Search this website
By Sanjai Gangadharan
There’s no doubt that applications are integral to our work and personal lives. They help us get things done. Without them, many of us feel discomfort.
But our behavior and attitude toward apps could have even bigger consequences – they could be damaging to corporate security and reputation and put companies at risk.
When we say application, we don’t just mean smartphones, laptops and other connected devices. The term application applies to many types of software, services, tools and clients across a wide range of platforms, such as Internet of Things (IoT) devices, vehicles, appliances, electronics and more.
Think about it: how many times have you used a personal app on the corporate network? How frequently have you used a work app on your home network? Probably more than you can count.
Now, throw into that the lack of awareness or perceived security of those applications, and you’re treading in dangerous water. Perceptions can be misperceptions and misperceptions create security problems.
That was one of the drivers behind A10’s Application Intelligence Report (AIR), a global research survey that examines people’s behavior with applications and the impact that can have on corporate security and culture.
Startlingly, an AIR survey uncovered that many respondents, both knowingly and unknowingly, participate in dicey or sometimes downright negligent behaviors that could put their companies at risk of a major security threat or a crippling breach.
How secure are IoT devices?
For example, AIR survey respondents rank laptops as the most vulnerable type of device, more so than smartphones and even more so than Internet of Things (IoT) devices like surveillance cameras, smart TVs and Internet-enabled cars.
This misperception creates a frightening paradigm as the recent rash of DDoS attacks leveraging IoT devices has paved the way for the DDoS of Things. For example, the Mirai malware was used to launch botnet that caused a 1 Tbps DDoS attack – the largest on record – by hacking 500,000 web cams.
The perception that IoT devices – many of which can be found on company property connected to corporate networks – are more secure than laptops and smartphones shows a lack of awareness and it’s up to IT and security teams to educate their workforces and implement the proper security solutions to ensure IoT devices don’t open any security holes within their environments.
App security doesn’t get a second thought
AIR survey also revealed that four out of five (83 percent) respondents only think about the potential security risk when they first download an app, but after that initial download security is less of a thought or priority. And nearly one in five says they do not think security is a concern at all when downloading apps.
Roughly one in three respondents think about security when it comes to using personal apps, while security is even less of a thought when using business apps, with only one in five citing security as a top thought while using them.
Ease of use, performance beat security
According to AIR, only one in four (24 percent) respondents think of security as the most important attribute of an app, behind performance (32 percent) and ease of use (24 percent). Only user interface ranks less important than security.

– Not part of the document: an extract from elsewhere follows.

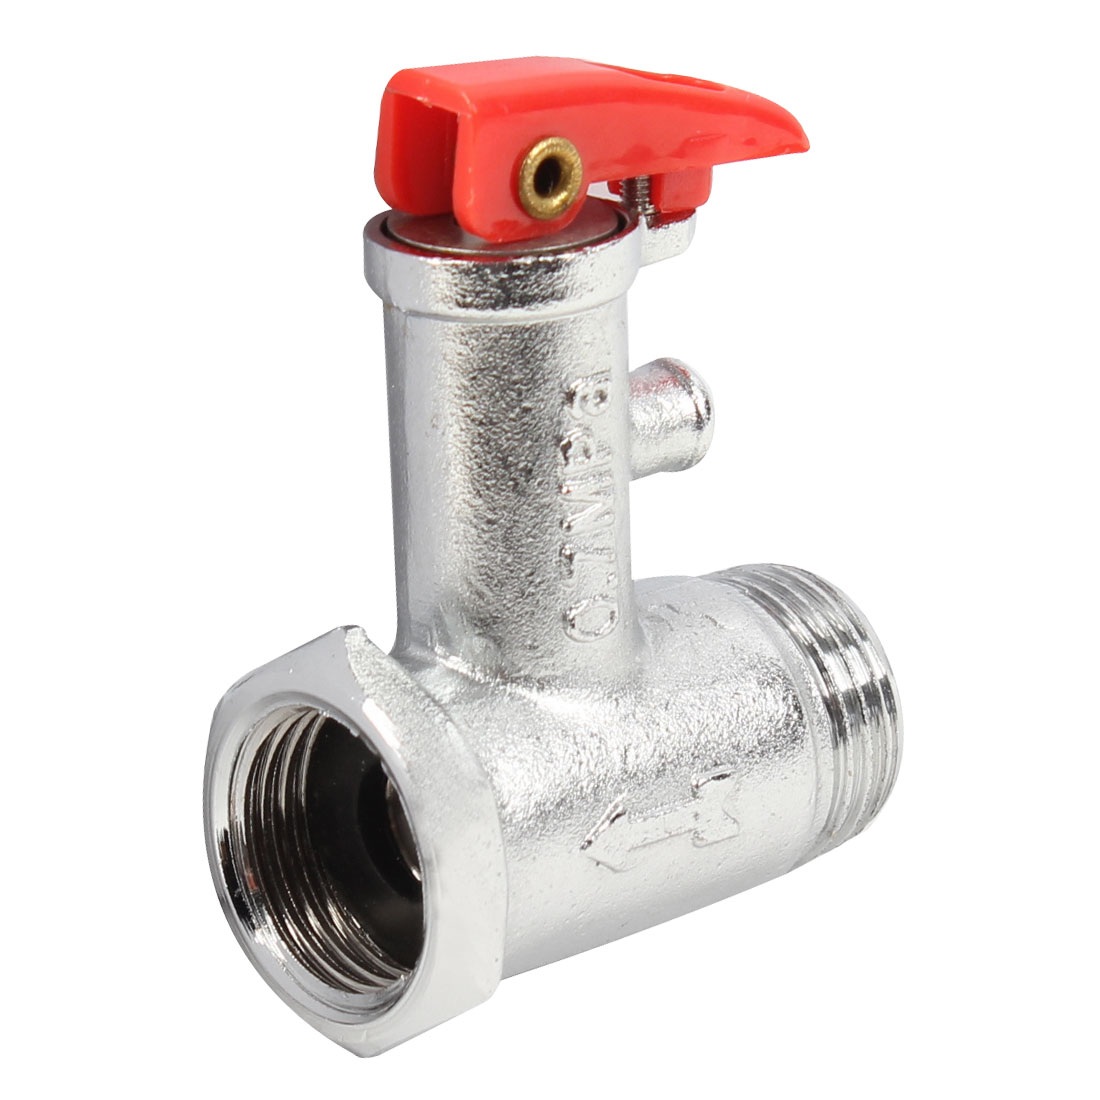 Unique Bargains Electric Water Heater 1/2" Male Thread Check  Relief Valve - image 1 of 1
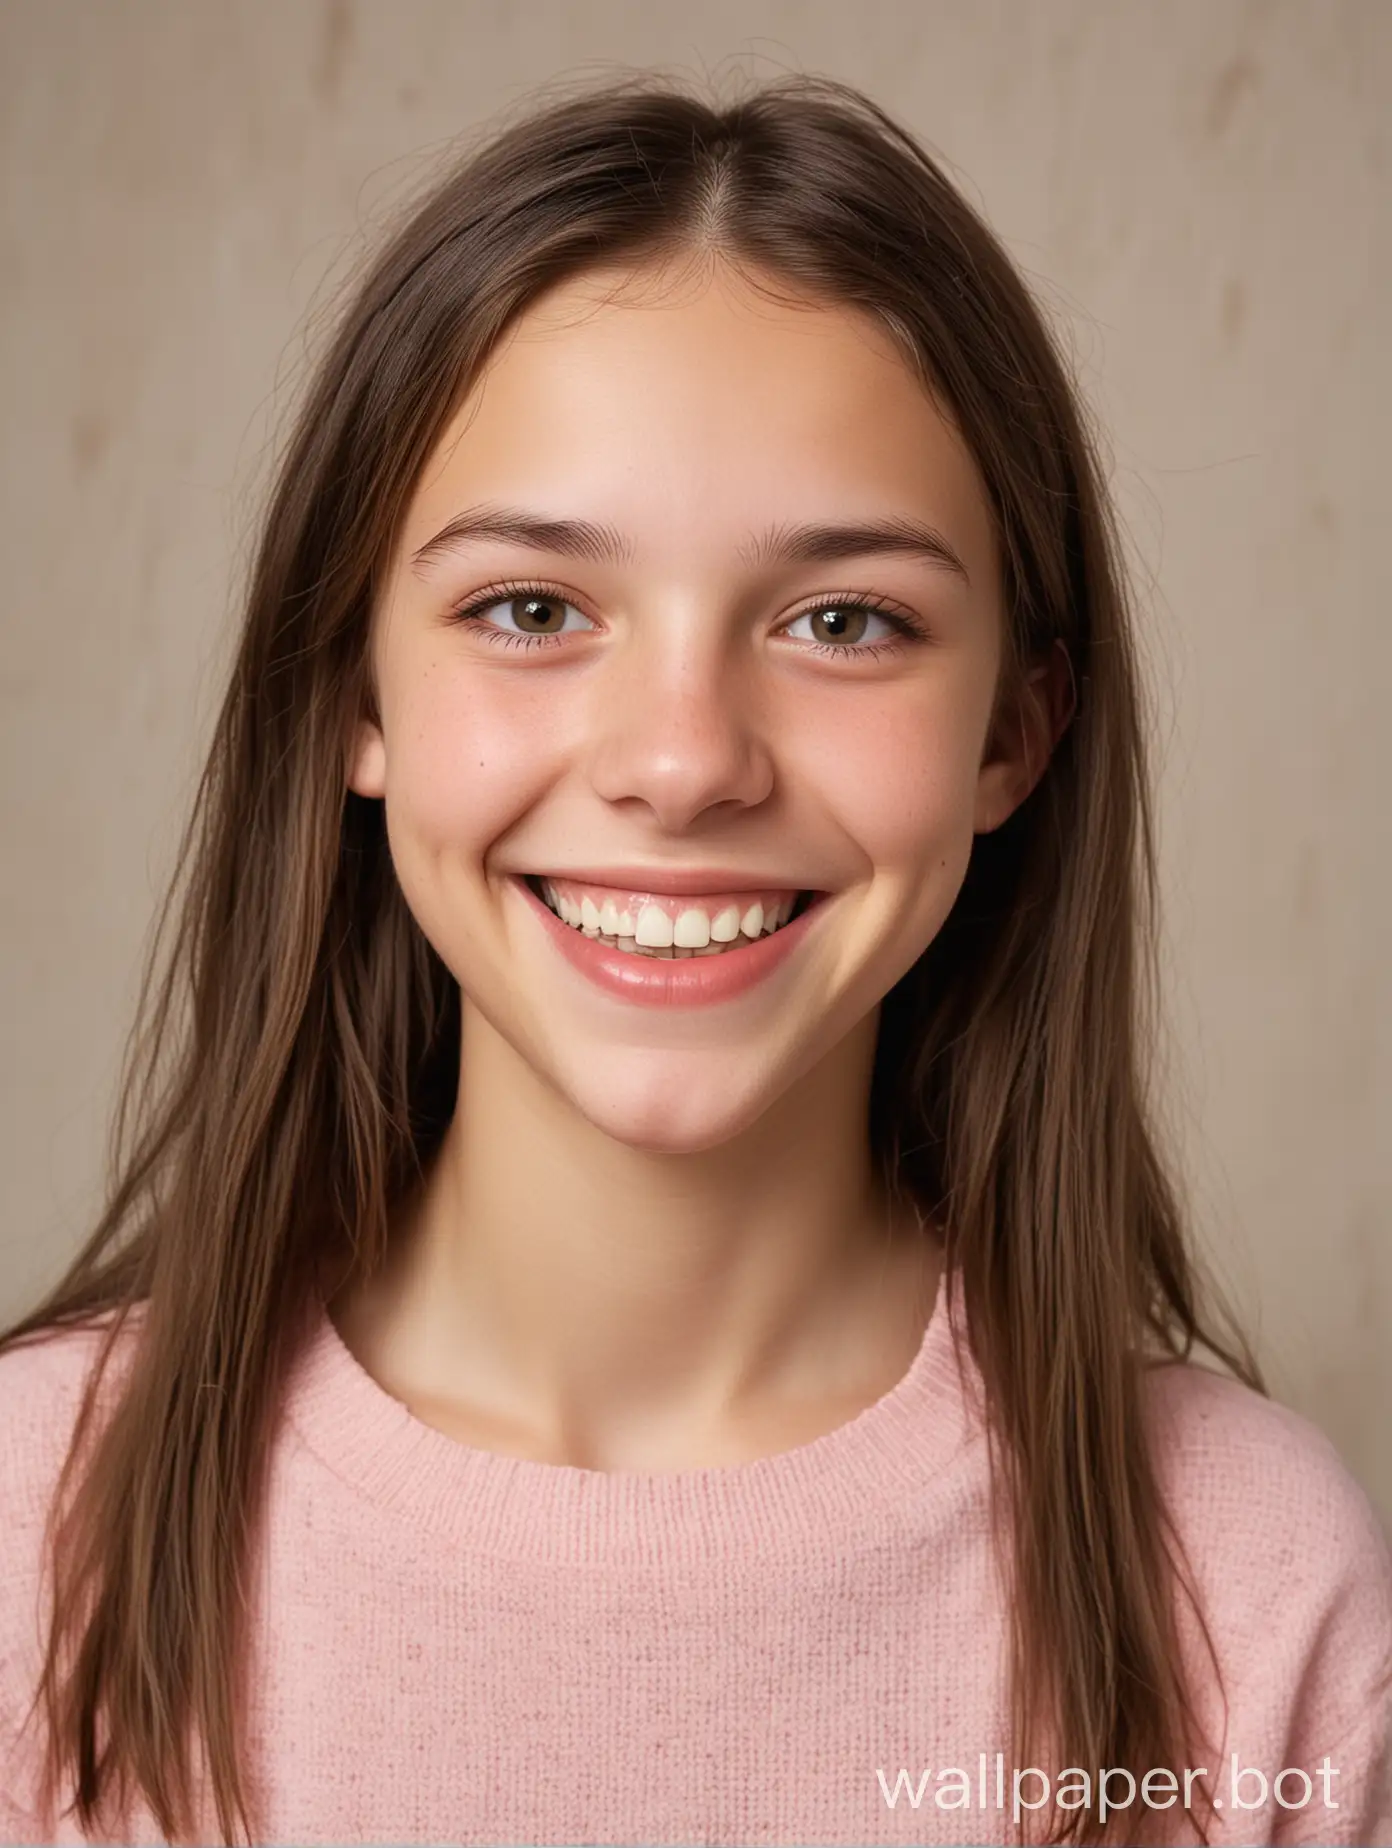 Blushing-14YearOld-Brunette-with-Braces

For IT, that cavalier attitude toward security shows that people are willing to accept the risk in deference to performance and ease of use, opening a door for potential attackers. If people are using personal or work apps with weak security they can become points of entry for threat actors.
Whose job is app security?
AIR survey uncovered a disparity around who is responsible for securing applications.
More than two out of five, or 43 percent, of respondents don’t believe security is a top priority for app developers, meanwhile only half of respondents believe their company’s app developers have the skills to build safe and secure applications.
And even though most think app developers don’t prioritize security, they download the apps anyway. Nearly half, or 47 percent, of respondents expect to be protected against cyberattacks by either their company or third-party app developers.
Being hacked is expected
Respondents to AIR survey are somewhat nonchalant about the possibility of being hacked. One in three says they feel cyberattacks are “a fact of life,” while one in five says they “just try not to think about it.”
Three out of five, or 59 percent, say having their mobile device hacked or personal information stolen is more likely to happen than having their car or home broken into.
One in five, or 20 percent, global respondents have had their mobile device or computer hacked. However, one in three under 30, or 31 percent, has been hacked, and those in their 50s, only one in 10, or 11 percent, claim to be a hacking victim.
And nearly one in five respondents between ages 21 and 30 says they’ve had their identity stolen.
But these high hacking rates aren’t prompting respondents to use caution.
In fact, according to AIR, users are careless with their devices. One in three, or 34 percent, of respondents under 30 says they have lost their mobile device or computer, and one in four, or 24 percent, of that same age group has had their mobile device stolen at one time.
On top of that, AIR results show that respondents use sloppy password practices. For example, Fewer than one in five respondents, or 17 percent, says they use a different password for every app, while 11 percent of respondents note they never change their passwords for mobile apps and three out of 10, or 29 percent, say they use the same password for the majority of their apps.
Lack of attention to security, especially regarding applications that often hold sensitive personal and business information, can introduce threats.
IT organizations can use this data to identify potential vulnerabilities these behaviors are introducing within their organizations and make better business and security decisions to protect users. IT can leverage this data in their security planning and justify the implementation of tighter security controls across their application environments by improving per-app visibility and analytics and removing security blind spots.
The author is Regional Director SAARC, A10 Networks.